*** The data Section Begins ***

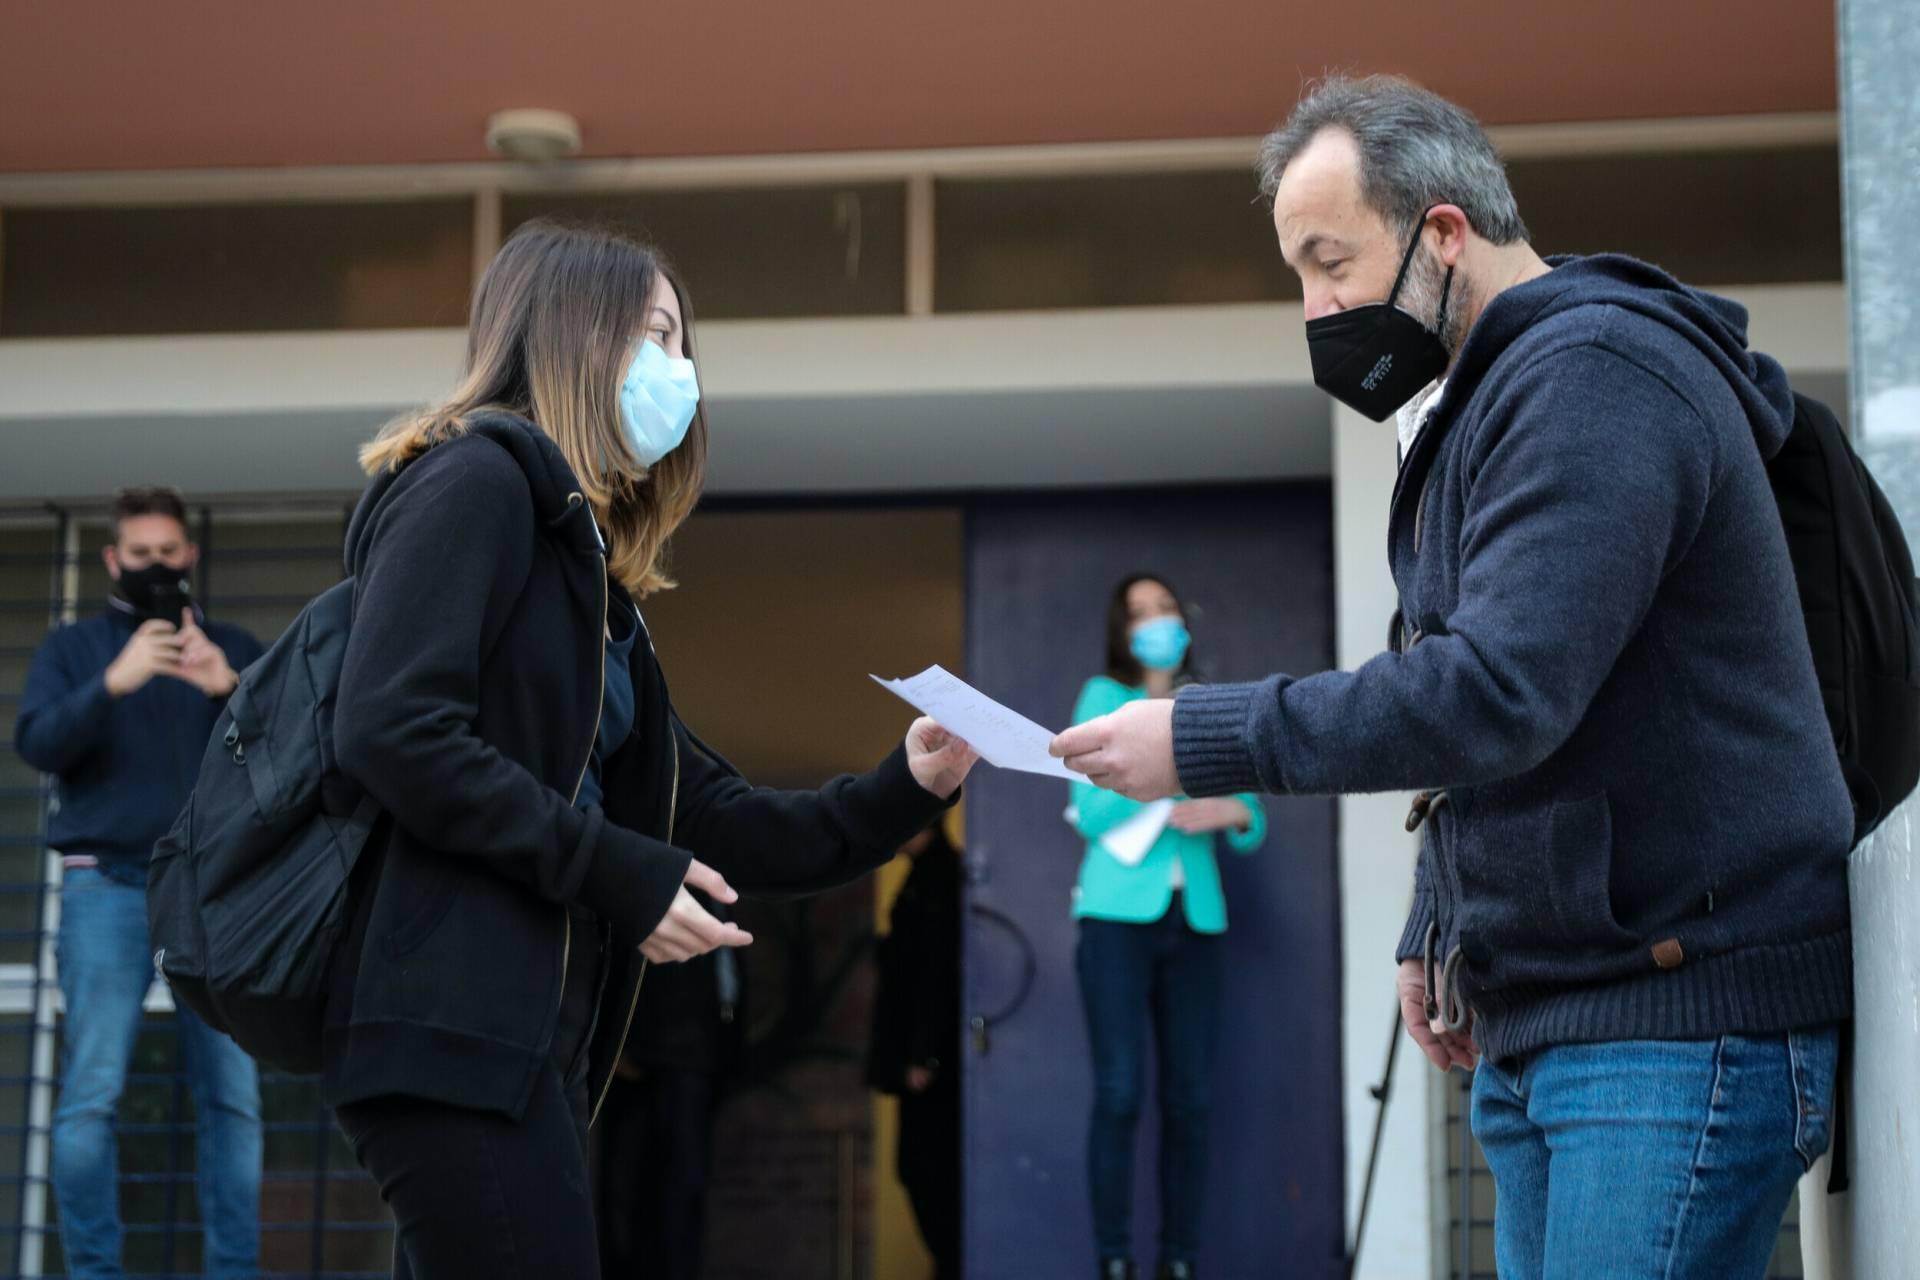 Πανελλαδικές: Ξεκινούν αύριο οι εξετάσεις -Με μάσκες για τους υποψηφίους, τι θα ισχύσει
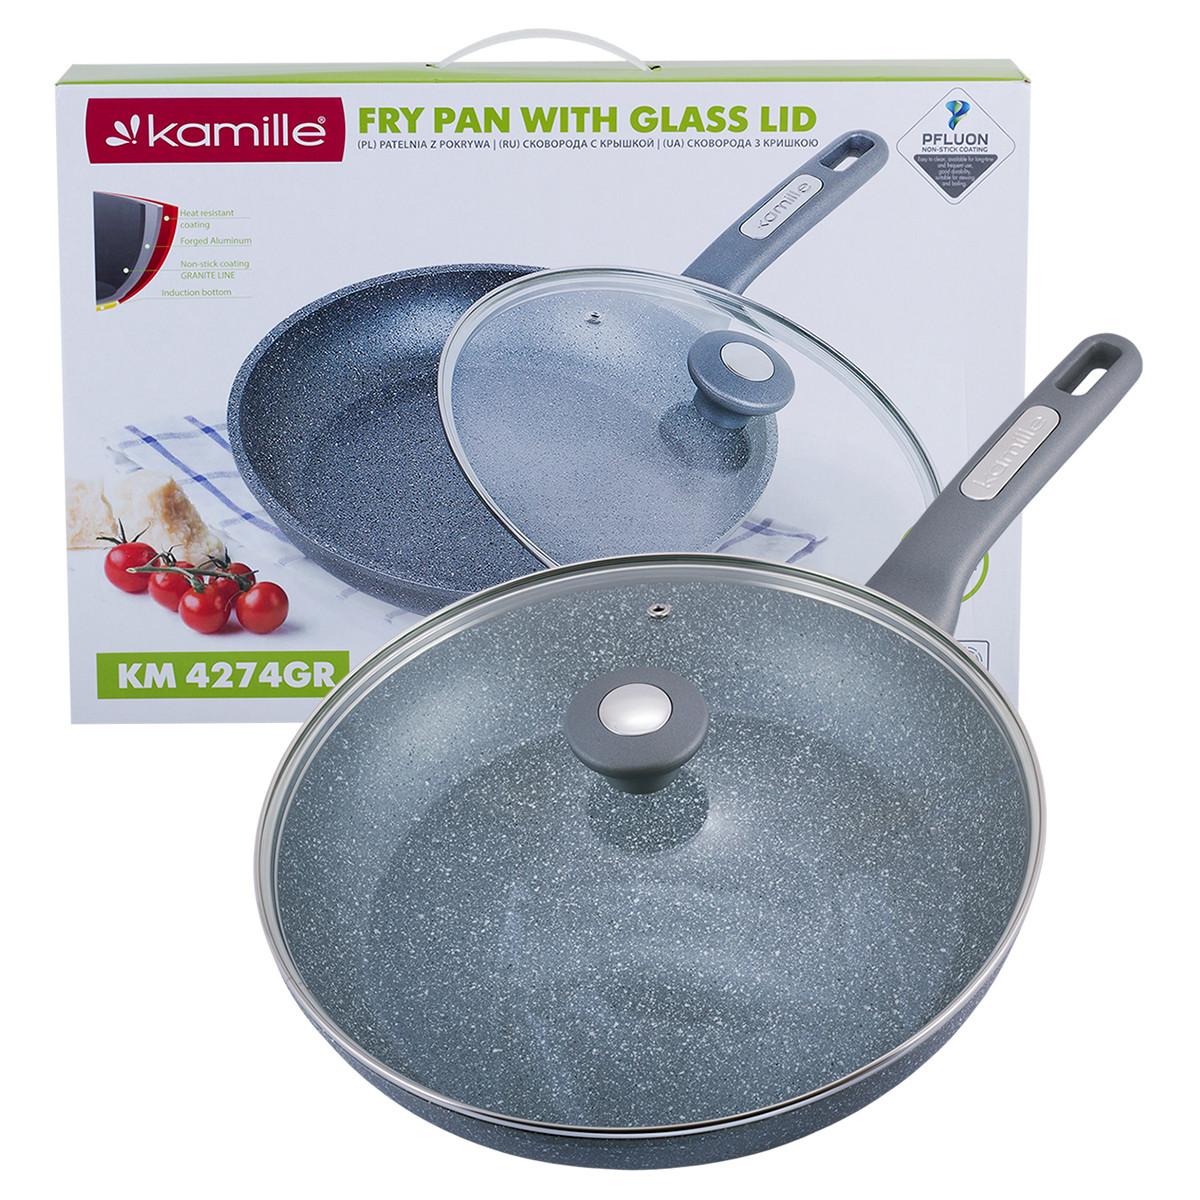 Сковорода с гранитным покрытием и крышкой Kamille KM-4274GR для индукции и газа 30 см
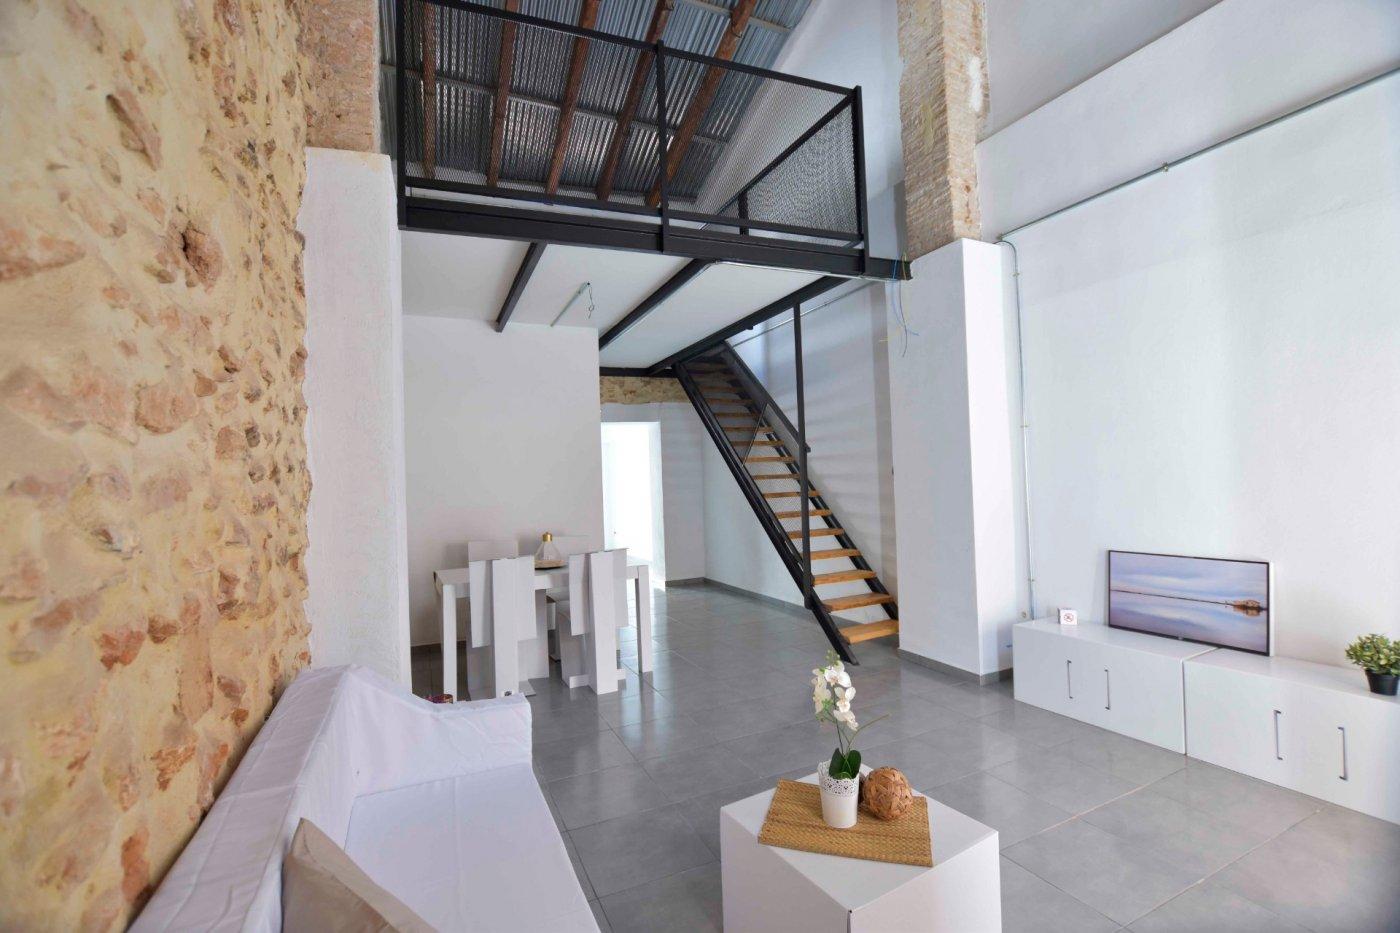 Location Appartement  Rafelbuñol - rafelbunyol ,plá. Una casa con rollo y un limonero

*** The data Section Ends ***

» **Task to complete**:
Copy out all the data exactly; skip the pictures.

» **Task response**:
 Πανελλαδικές: Ξεκινούν αύριο οι εξετάσεις -Με μάσκες για τους υποψηφίους, τι θα ισχύσει
 Сковорода с гранитным покрытием и крышкой Kamille KM-4274GR для индукции и газа 30 см
 Location Appartement  Rafelbuñol - rafelbunyol ,plá. Una casa con rollo y un limonero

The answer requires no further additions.